During a Thursday news conference, Mr. de Blasio declined to apologize to city parents for the potentially major inconveniences caused by the 11th-hour shift. He asserted that, because the city’s public school parents were largely low-income and lived outside of Manhattan, “they are people who understand the realities of life, and they’re not shocked when something this difficult has to be adjusted from time to time.
“They’re a lot more pragmatic than you might imagine,” the mayor added.
That comment offended some parents. “Yes, I consider myself strong and resilient, but you do not play games with children’s education,” said Stacey Skiadas, who lives in northeast Queens.
Mr. de Blasio said that the further delay would help the city handle a major staffing shortage in schools and would ensure that buildings could open safely. “We are doing this to make sure that all the standards we’ve set can be achieved,” he said.
Parents, educators and elected officials almost immediately reacted to the news with outrage and confusion. Many principals and teachers only heard about the shift from the news, they said in emails shared with The New York Times, and many parents said that the decision had eroded their trust in the public school system.

“It is mid-September and there is still no plan on how to educate children,” said Natasha Capers, a public school parent and activist who lives in Brownsville, Brooklyn.
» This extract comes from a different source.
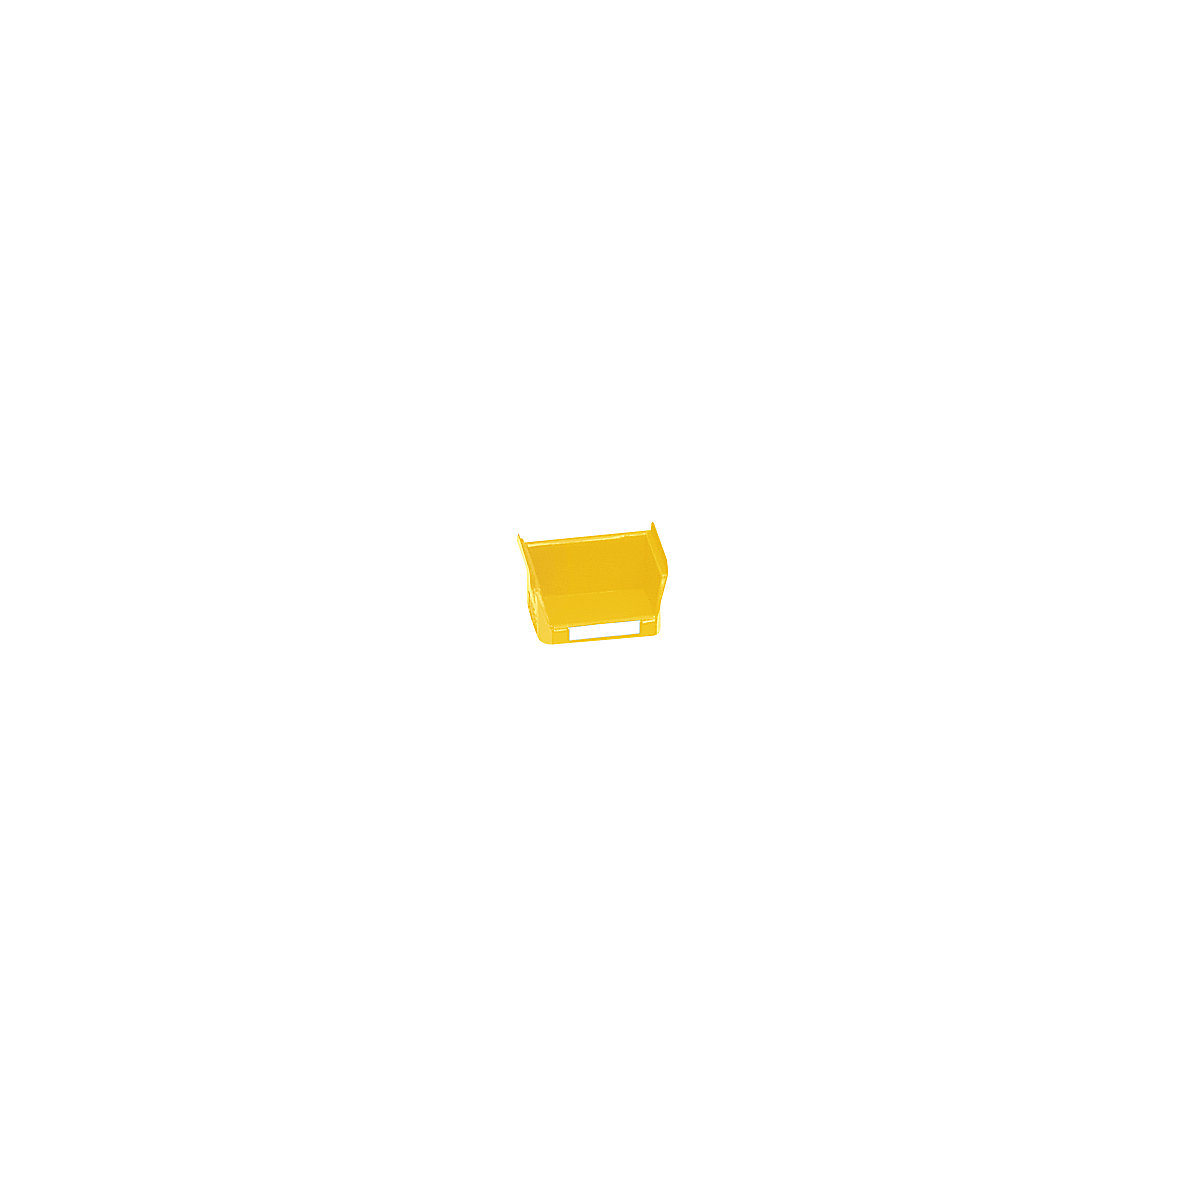 Otvorena skladišna kutija od polietilena – mauser, DxŠxV 85 x 100 x 50 mm, u žutoj boji, pak. 50 kom.-6

She called the delay “a punch in the gut.”
Mark Treyger, the chair of the City Council’s education committee, said, “The mayor of New York is the last person in the room to recognize facts on the ground, and his stubbornness and inability to make sound decisions in a timely fashion cannot be overlooked during this pandemic.”
The mayor said that he decided to delay the start of the school year and opt instead for a phased-in reopening after a three-hour conversation at City Hall on Wednesday with the leaders of the unions representing the city’s principals and teachers, along with senior mayoral aides.
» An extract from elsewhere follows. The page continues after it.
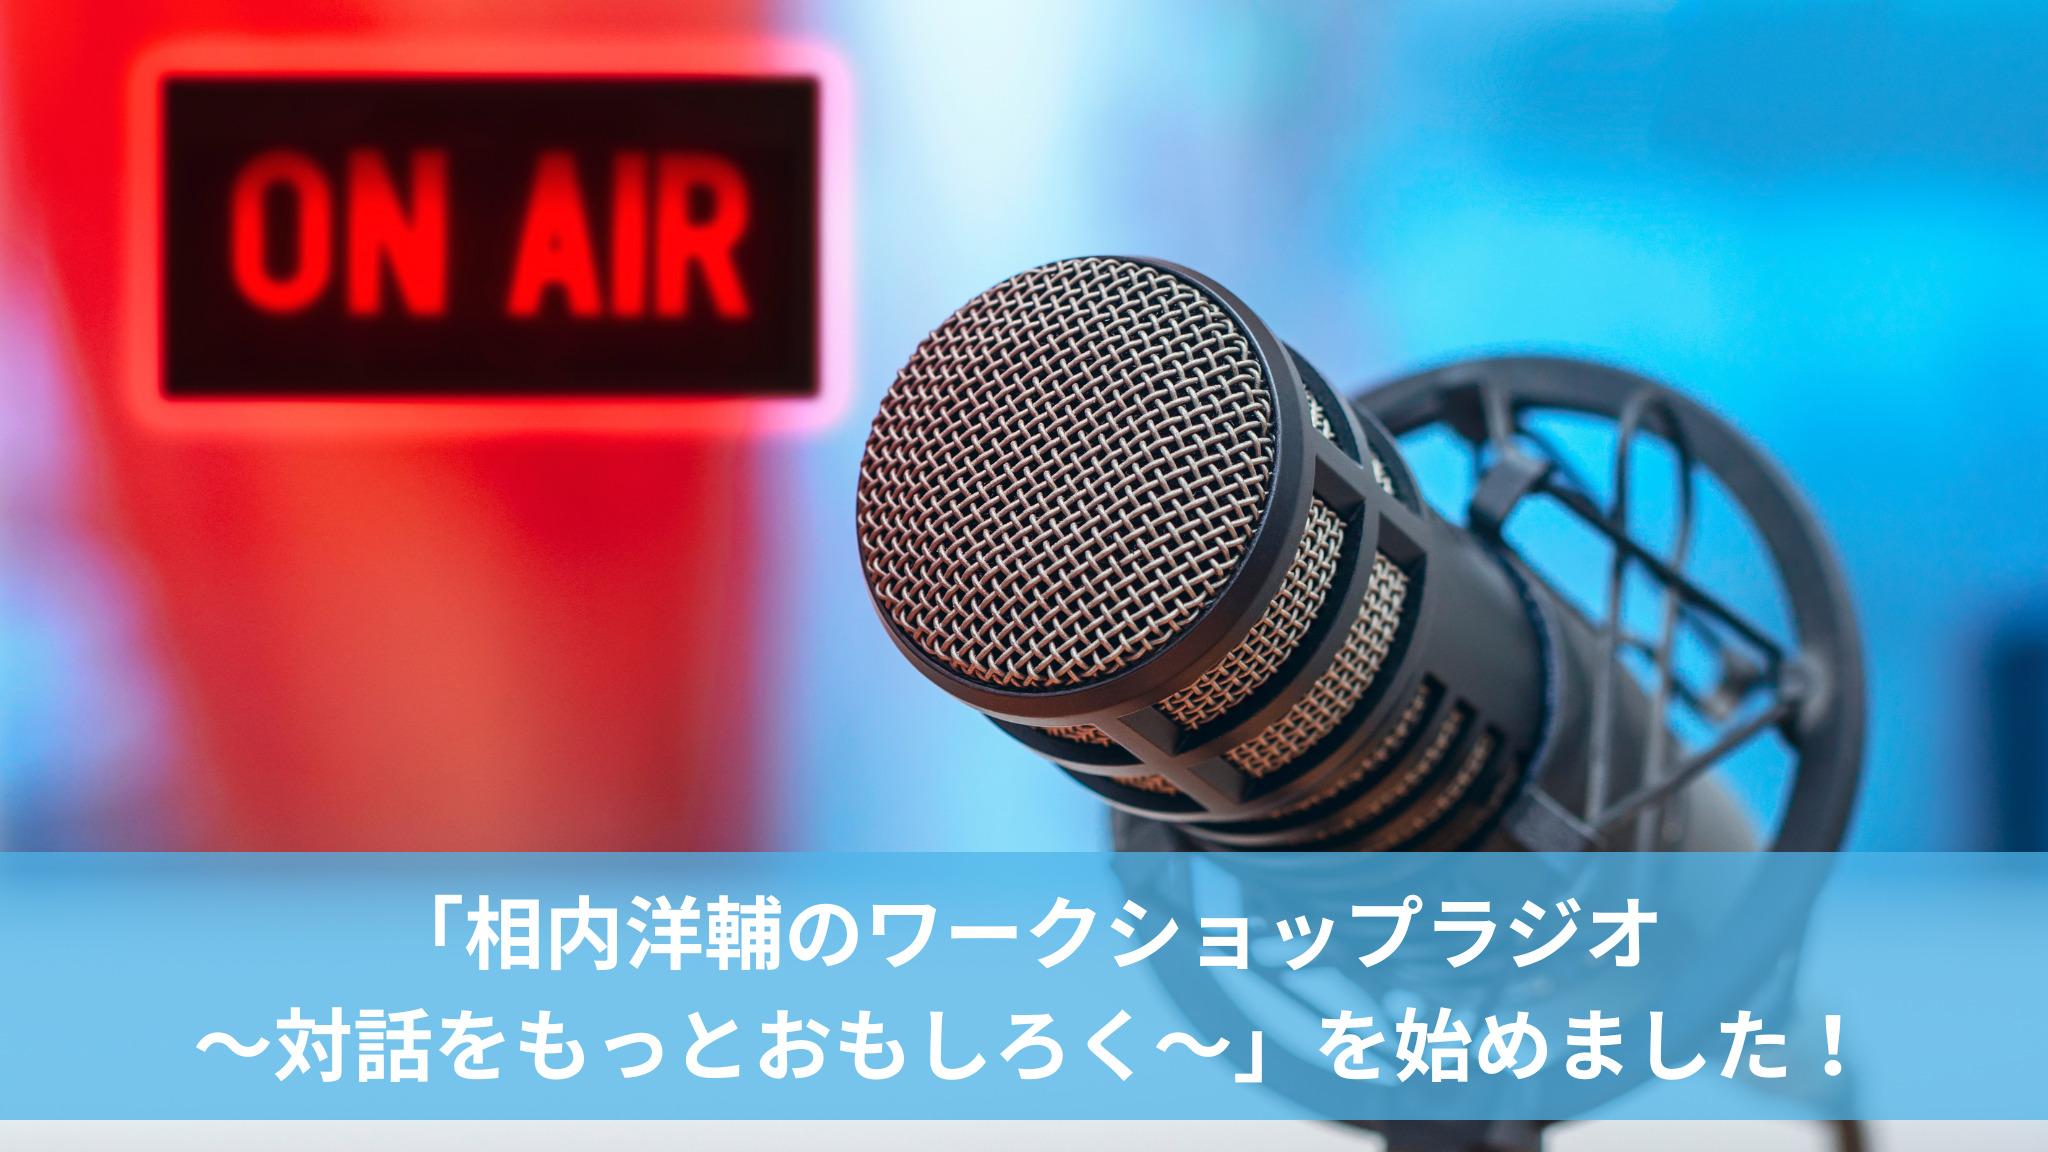 「相内洋輔のワークショップラジオ 〜対話をもっとおもしろく〜」を始めました！

Those union leaders have been explicitly warning for weeks that schools were not ready to reopen for myriad reasons, from poor ventilation in some aging buildings to a severe staffing crunch that the principals’ union estimated could leave the city needing as many as 10,000 educators. A Thursday report from the city’s Independent Budget Office put that number closer to 12,000. Some principals have said in recent days that they lacked dozens of teachers for their schools.
Mr. de Blasio said that the teacher shortage was his main reason for again delaying in-person classes. But he did not explain why he waited until just before the start of the school year to acknowledge the seriousness of the staffing issue, even though union leaders and his own aides have been raising alarms about it for weeks.
The problem highlights the profound logistical challenges inherent in hybrid education, which are even more pronounced in a sprawling system of 1,800 schools.
City students can only report to school buildings one to three days per week, to allow for social distancing, and were set to receive classes at home the rest of the time. But since the city and teachers' union agreed that educators should not be required to teach both in-person and remotely, schools essentially needed to create two sets of teachers for two complementary versions of schools, one in-person and one online.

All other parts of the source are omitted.